摘要
學號：M10413003
論文名稱：酪胺對於南美白蝦免疫反應的影響
總頁數：70
學校名稱：國立屏東科技大學　　　　　 系（所）別：水產養殖所
畢業時間及摘要別：一百零五年學年度第一學期 碩士學位論文摘要
研究生：李承燊　　　　　　　　　　　　指導教授：鄭文騰 博士

論文摘要內容：
在本篇的研究中，我們確定了酪胺 (tyramine) 對於南美白蝦免疫力的影響，測量了總血球數 (THC)、不同血球數 (DHC)、酚氧化酵素活性 (PO)、超氧陰離子含量 (O2-)、溶菌酶活性 (lysozyme)、以及感染溶藻弧菌 (Vibrio alginolyticus) 對於吞噬作用、清除能力之影響。並分別注射saline (控制組)、及注射酪胺2.5 × 10-6 mol shrimp-1、酪胺2.5 × 10-5 mol shrimp-1 (實驗組)。
結果表明，注射酪胺2.5 × 10-6 mol shrimp-1、酪胺2.5 × 10-5 mol shrimp-1後0.5、1 及 2小時，其總血球數、不同血球數顯著高於注射saline (控制組)。注射後0.5、1、2 及 4小時，其酚氧化酵素活性及超氧陰離子含量顯著較高。注射後0.5、1 及 4小時，其溶菌酶活性顯著較高。注射後2 及 4小時，其吞噬作用顯著較高。注射後2、4 及 8小時，其清除能力顯著較高。所有的免疫參數在注射酪胺後16小時恢復到對照值。注射酪胺後也顯著地降低病原體溶藻弧菌 (Vibrio alginolyticus) 攻擊的南美白對蝦的死亡率。這些結果表明，神經傳遞物質酪胺能促進免疫系統，並且能增強南美白蝦對於溶藻弧菌 (Vibrio alginolyticus) 的抵抗性。

關鍵字：南美白蝦、酪胺、溶藻弧菌

Abstract
Student ID：M10413003
Title of Thesis：Effects of tyramine on the immune responses of Litopenaeus vannamei
Total page：70
Name of Institute：Department of Aquaculture, National Pingtung University of Science and Technology　　　　　
Graduate date：Jan 16, 2017 Degree conferred：Master
Name of Student：Chen-Shen Li　　　　　Adviser：Winton Cheng
The Contents of Abstract in this thesis：
In this study, we determined the effect of tyramine (TA) on immunity of white shrimp, Litopenaeus vannamei.

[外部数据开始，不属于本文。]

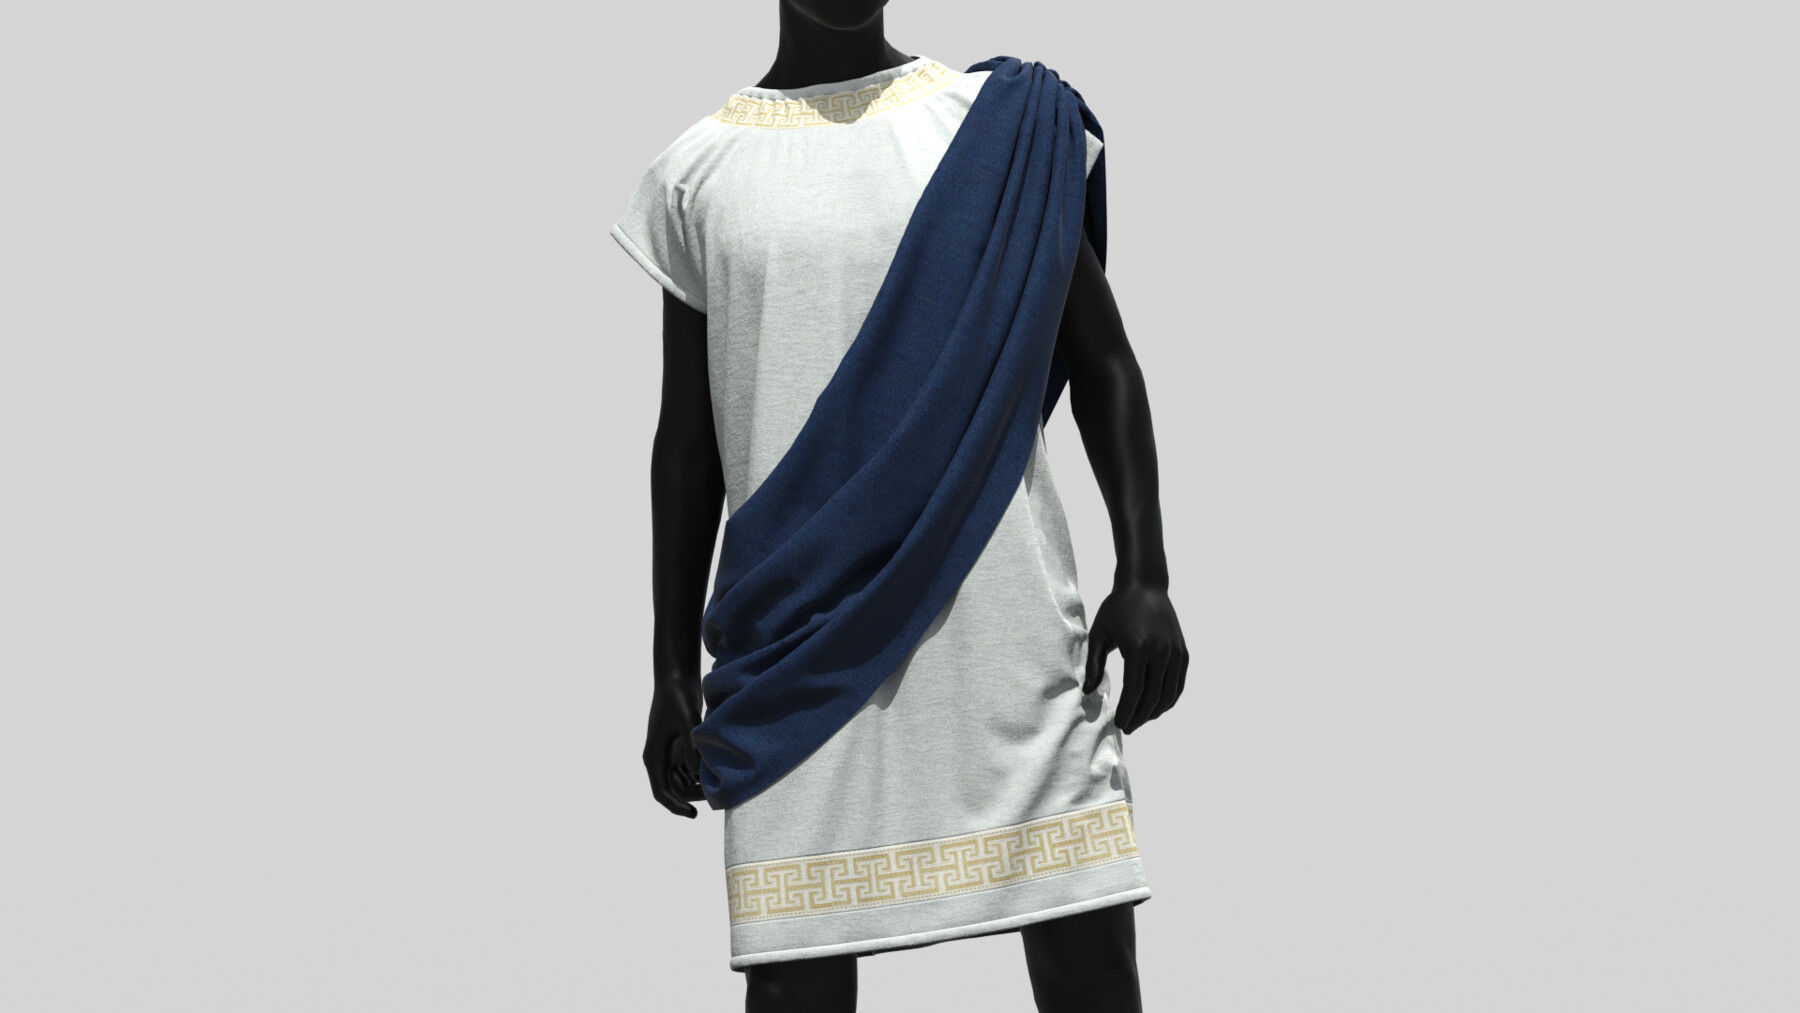 ArtStation - Realistic 3D model of Roman Outfits | Game Assets

The total haemocyte count (THC), different haemocyte count (DHC), phenoloxidase activity, respiratory burst (release of superoxide anion), lysozyme activity, and phagocytic activity and clearance efficiency to the pathogen vibrio alginolyticus were measured when seawater shrimp Litopenaeus vannamei (11.18 ± 0.2) were individually injected with saline, or TA at 2.5 × 10-6 or 2.5 × 10-5 mol shrimp-1.Results showed that DHC and THC from 0.5 to 2 h, PO activity and respiratory burst from 0.5 to 4h, lysozyme activity from 0.5, 1 to 2 h, phagocytic activity from 2 to 4 h, clearance efficiency from 2 to 8 h significantly increased after TA injection at 2.5 × 10-6 or 2.5 × 10-5 mol shrimp-1. All of the immune parameters had returned to control values by 16 h after TA receiving. Injection of TA also significantly decreased the mortality of Litopenaeus vannamei challenged with the pathogen Vibrio alginolyticus. These results suggest that neurotransmitters TA promotes the immune resolution, which in turn enhance the resistance against to Vibrio alginolyticus of shrimp.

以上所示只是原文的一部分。